他心中疑惑大起,第一反应是信送错了,但是这个名字与他亲爹的姓名如此相似,就算不是同一个人起码难逃亲缘关系,而就算送错信,也不至于从错送到京城来,而且仔细想来自己的当年中举,的确是广东省的举人,而非福建省,再者,在仅存的那一点儿属于这个躯壳的记忆中,所有记忆的发生地似乎有很大一部分是在广州。
但如果没有送错的话,他爹岂不是就变了一个人,这点也是绝对不可能的,至少他的义父李鸿章和老师左宗棠都明确的说过,他的父亲是沈葆桢,而当初他出国的时候,之所以有那么多清流也肯站出来为他求情,其原因也是因为他的外公是虎门销烟的封疆大吏——林则徐。
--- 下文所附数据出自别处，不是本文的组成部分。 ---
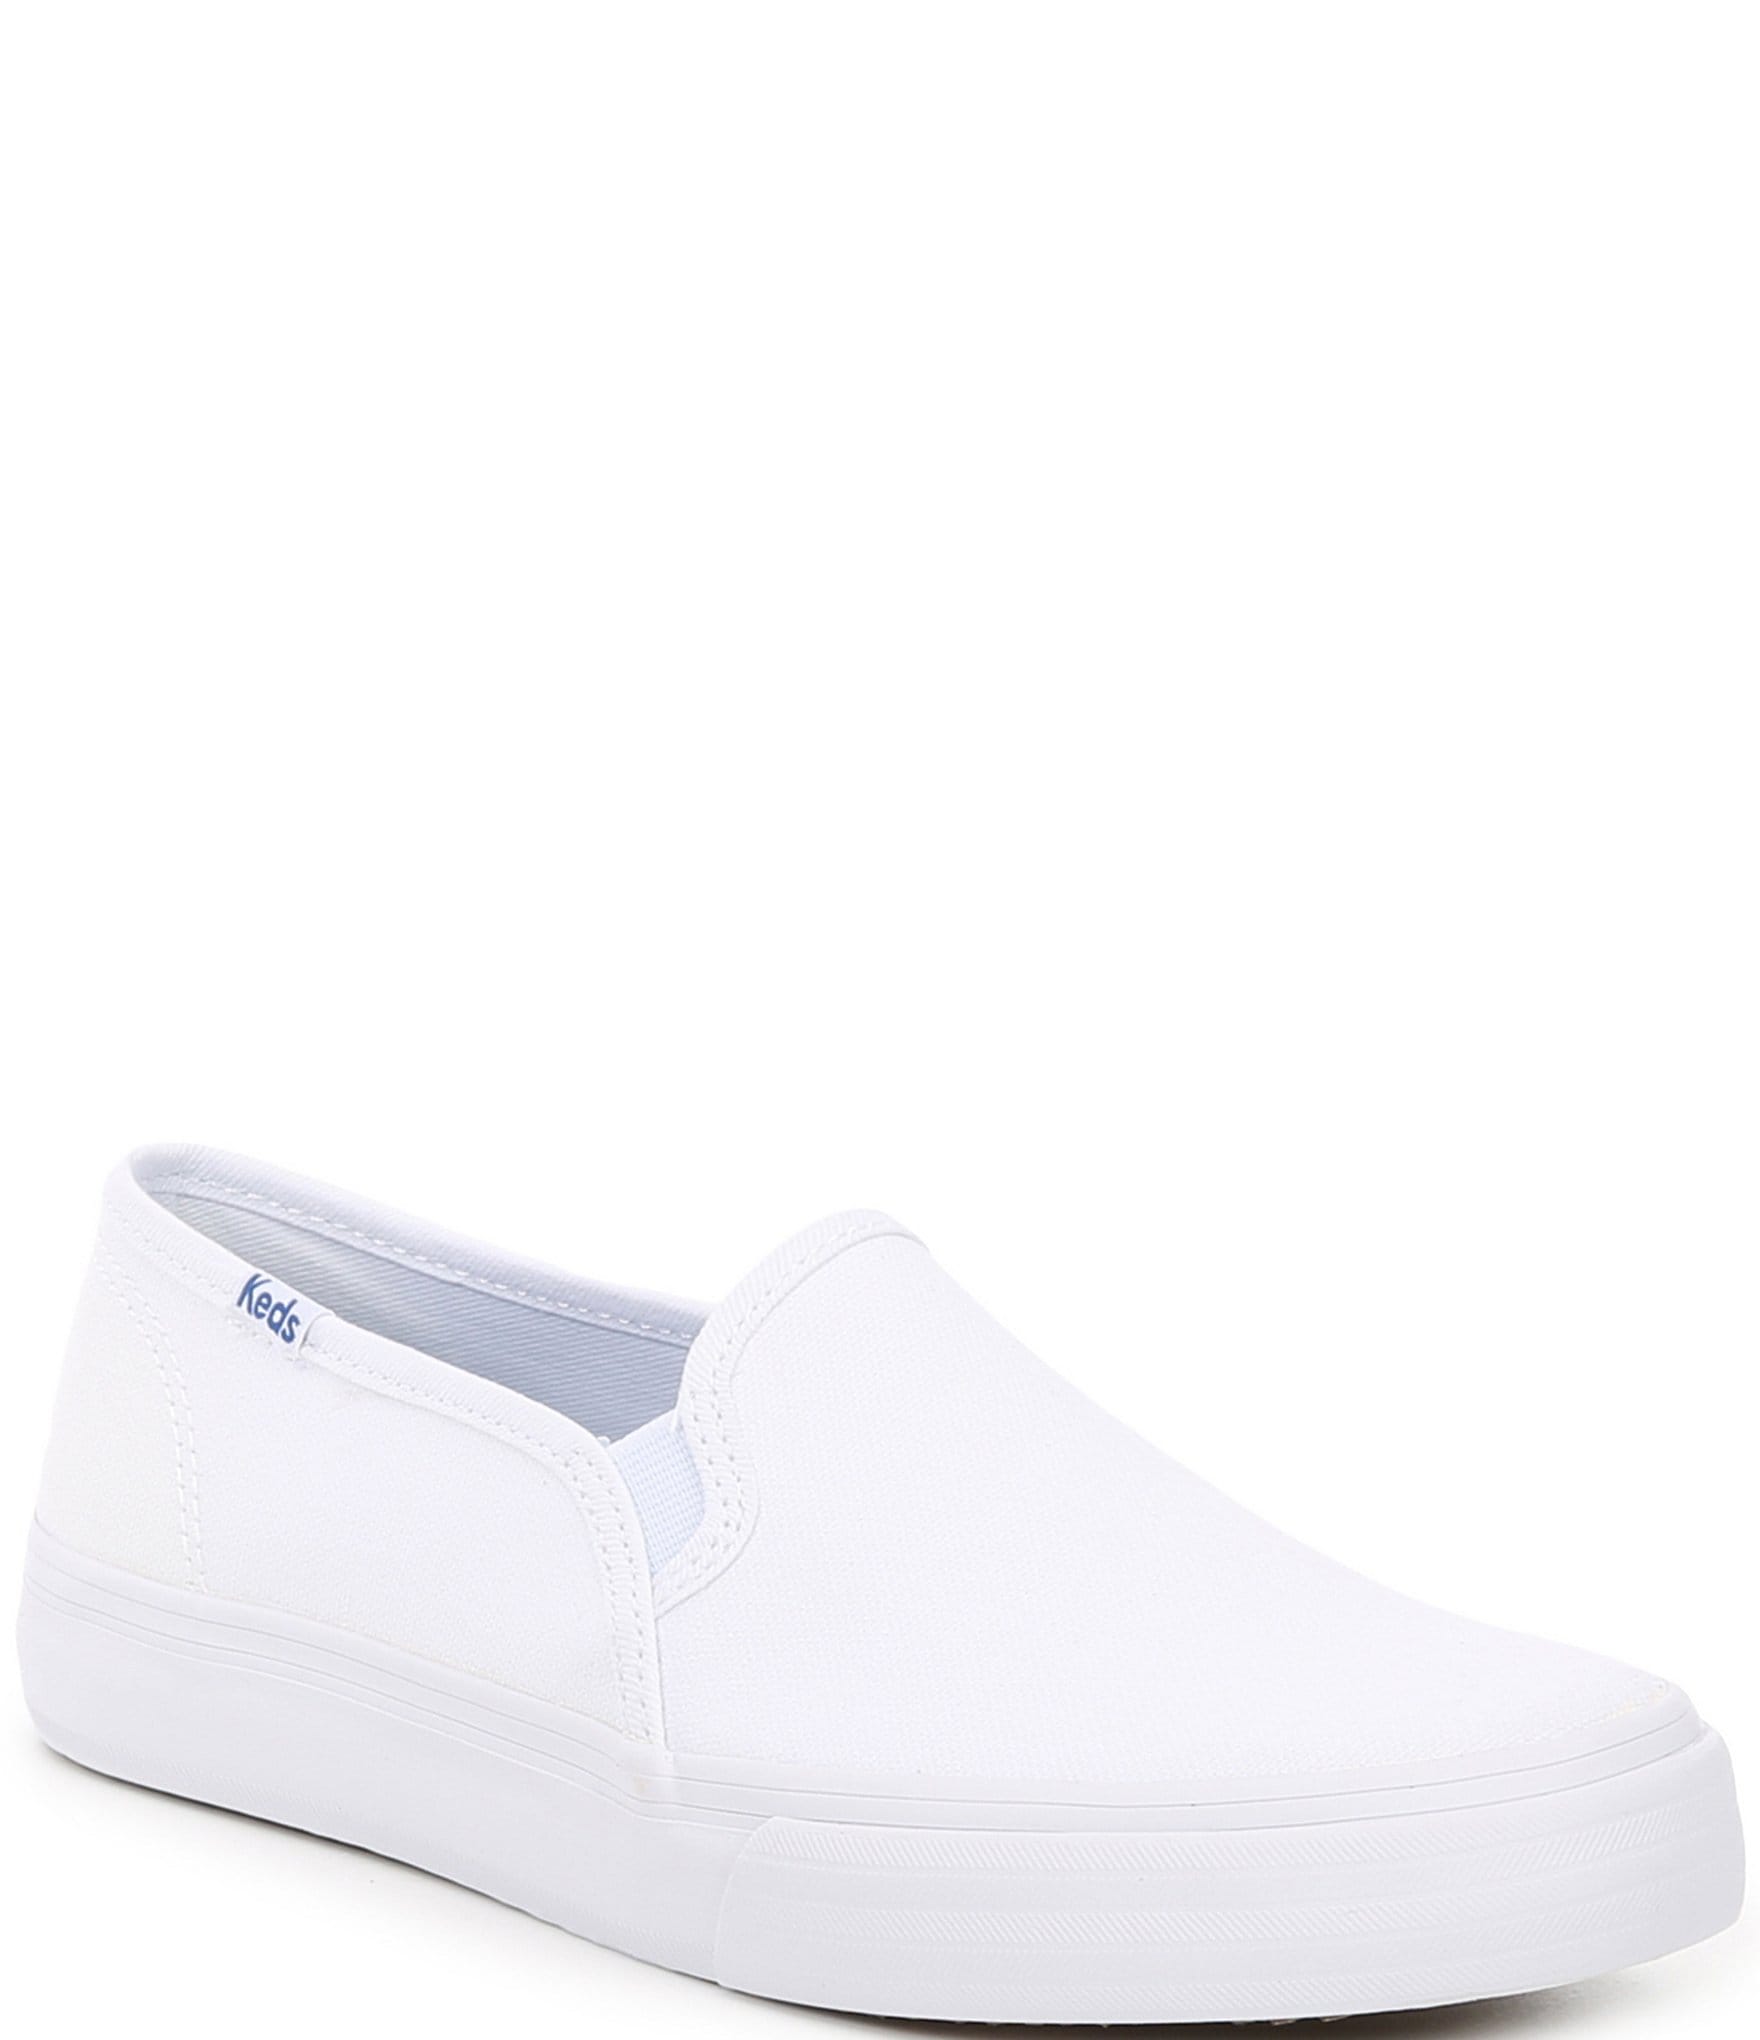 Keds White Canvas Slip On Shoes | vlr.eng.br
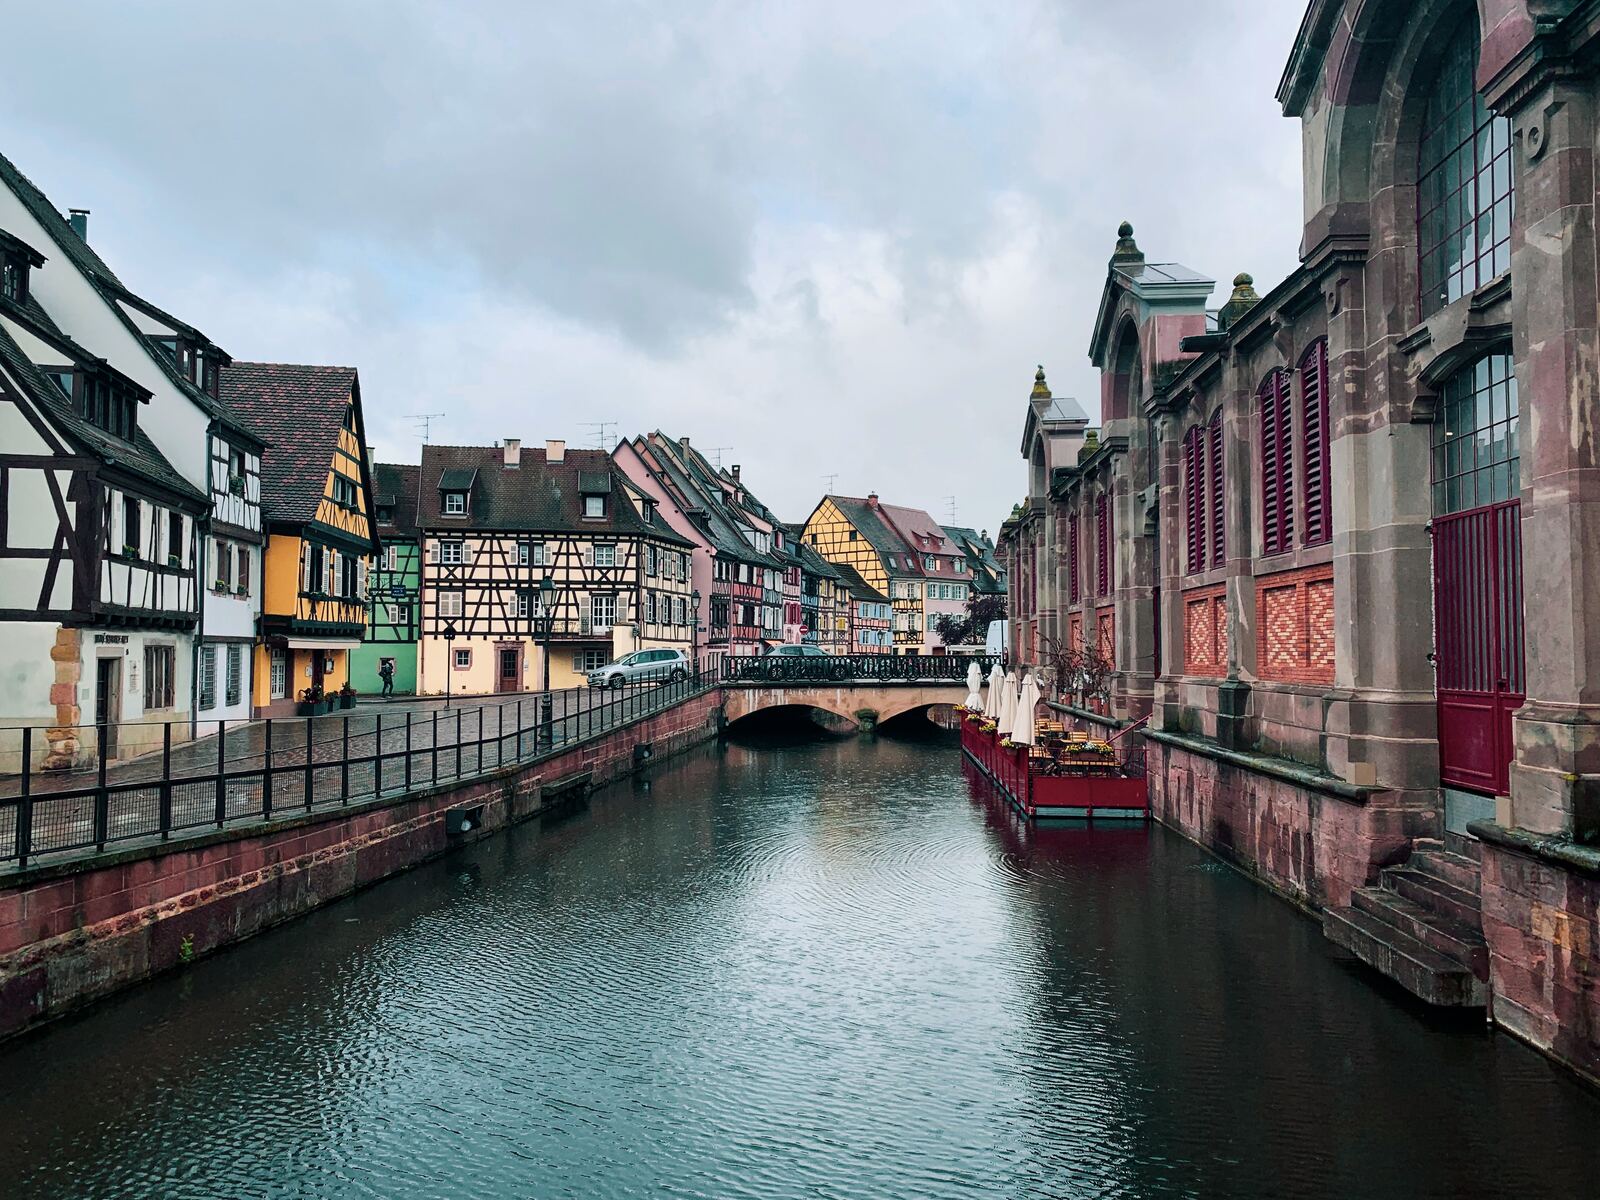 Image of Petite Venise, Colmar by Team PhotoHound

沈哲一时间不敢妄下断言,只是含糊地敷衍立即举,以自己要进宫面圣唯有,匆匆离开了府邸。出了巷口,却没有往皇宫的方向走,而是调转马头,直奔章云平的住处。
章云平是个大忙人,但是好在两人有缘,章大老板这天恰巧在家,沈哲见到章云平就像是见到救命稻草一般,什么客套也没有就直奔主题——
“章兄,,您现在立刻到我家里去,试着帮我跟我管家打听一下,这个人是谁?”
沈哲拿出那封家书,指着落款上的名字。
章云平心不在焉地瞥了一眼,道:“那不是写了吗,是你爹。”
沈哲脸色一沉,看了看左右,道:“谁是我爹,你不知道我爹是谁呀,要是加上这个,我可就有三个爹了。”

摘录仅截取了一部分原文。